# Working with Databases

##  Working with Databases
A *database* is an organized collection of data that can be easily accessed, managed, and updated.

There are two categories of databases: 
* Relational databases and ,
* nonrelational databases(NoSQL)

Relational databases have a rigid structure implemented in the form of a schema for the data being stored. 

This approach helps ensure the integrity, consistency, and overall accuracy of the data.

However, the major drawback of relational databases is that they dont scale well as data volumes increase.

In contrast, NoSQL dabatabases don't impose restrictions on the structure of the data being stored, thus allowing for more flexibility, adaptability and scalability.


## Relational Databases

*Relational Databases*, also known as *row-and-column databases*, are the most common type of database in use today. 

Relational Databases are designed to allow the effiecient insertion, updating, and/or deleting of small of vast amounts of structured data. 
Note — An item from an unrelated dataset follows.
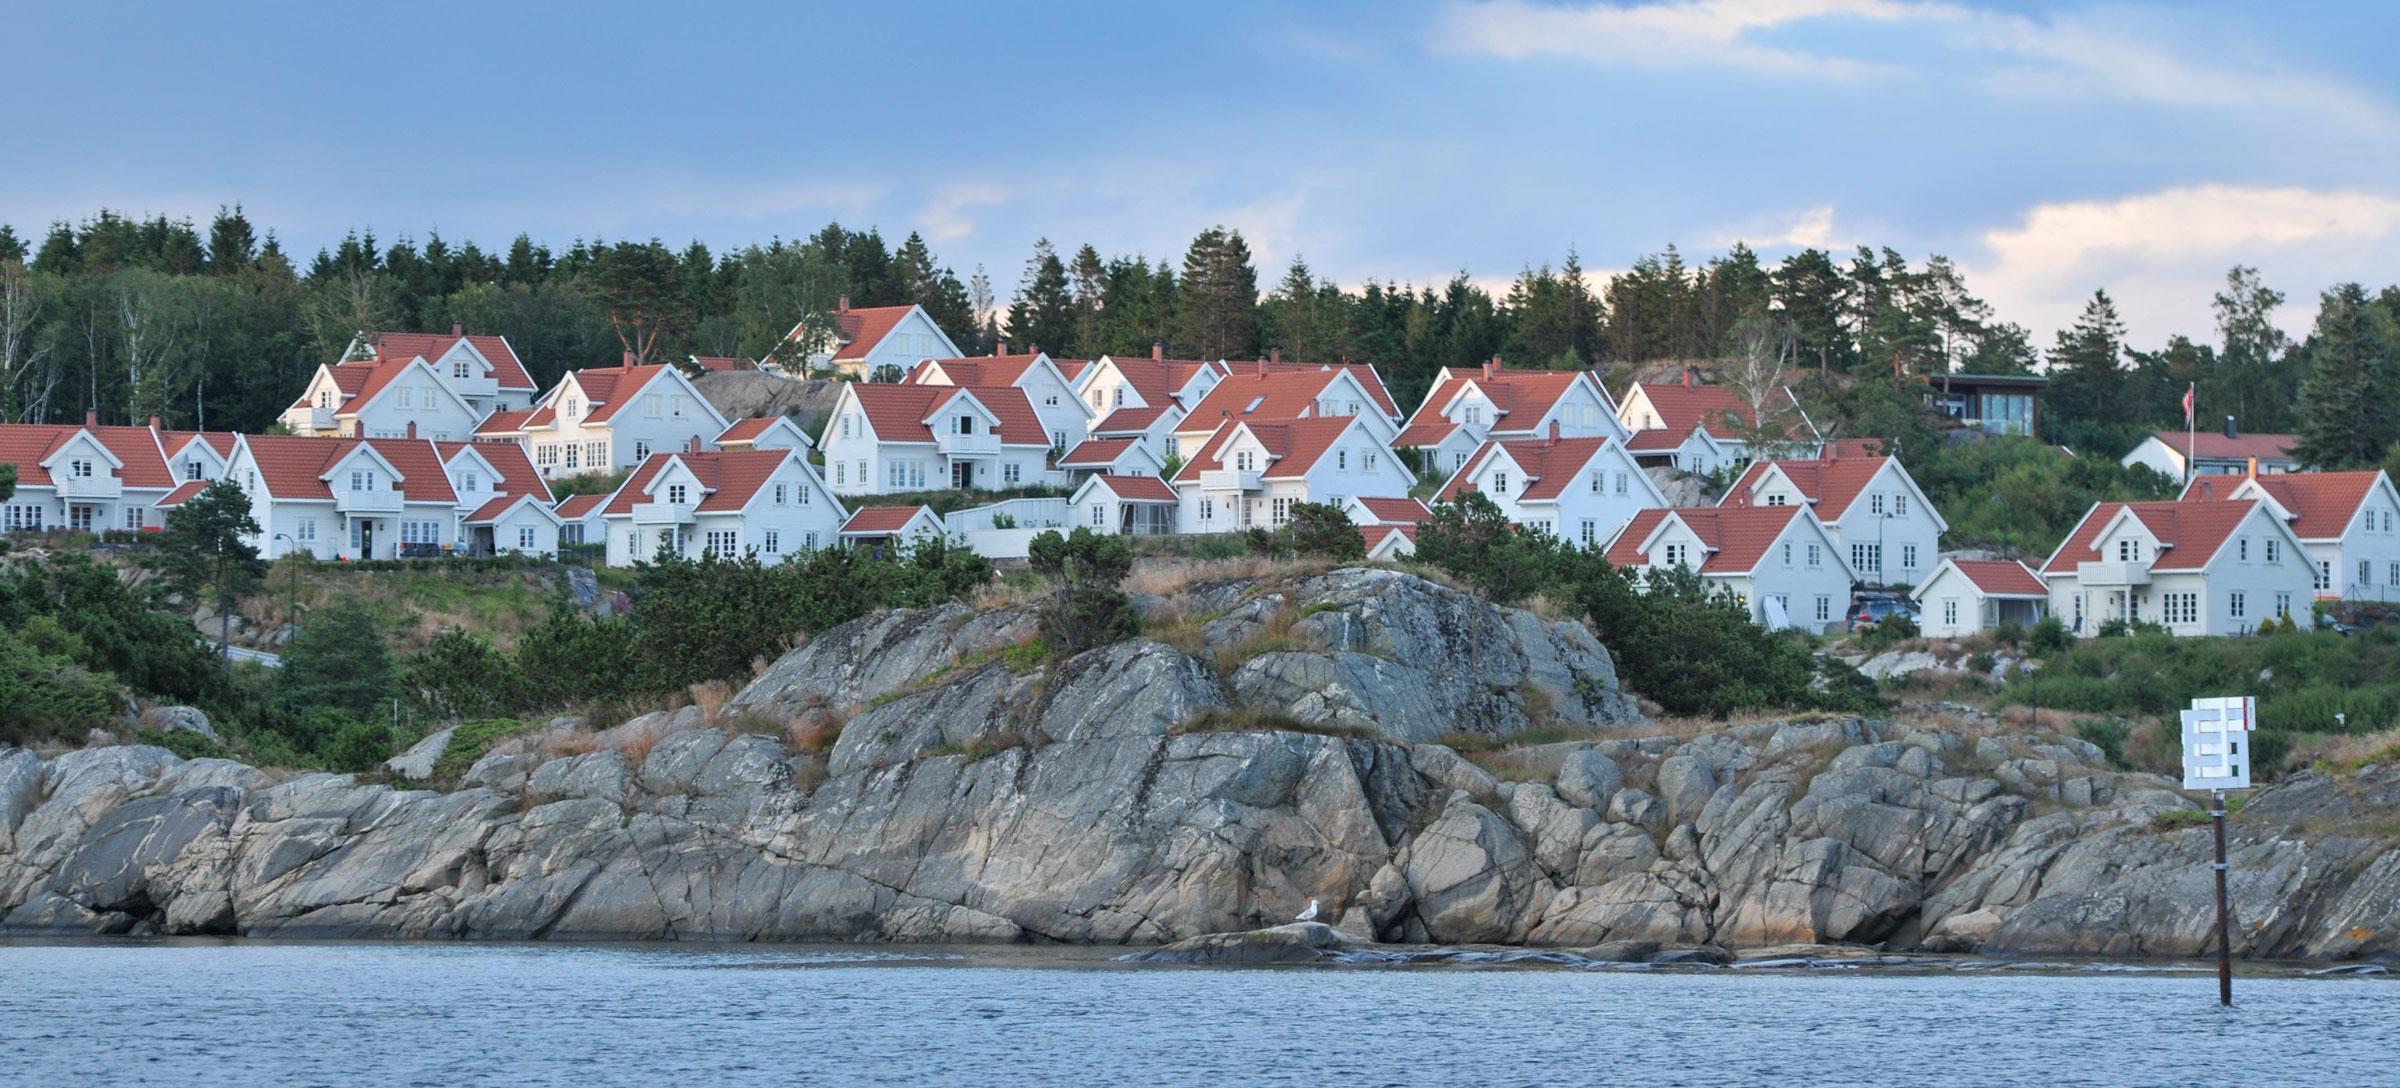 Hytter Kristiansand øst

In particular, relational databases are well suited for *online transaction processing* (OLTP) applications, which process a high volume os transactions for a large number of users.

Some common relational database systems are:

* MySQL
* MariaDB
* PostgreSQ

## SQL statements

*SQL*, or *Structured Query Language*, is the primary tool for interactiong with a relational database. 

SQL statements are text commands recognized and executed by a database engine like MySQL. 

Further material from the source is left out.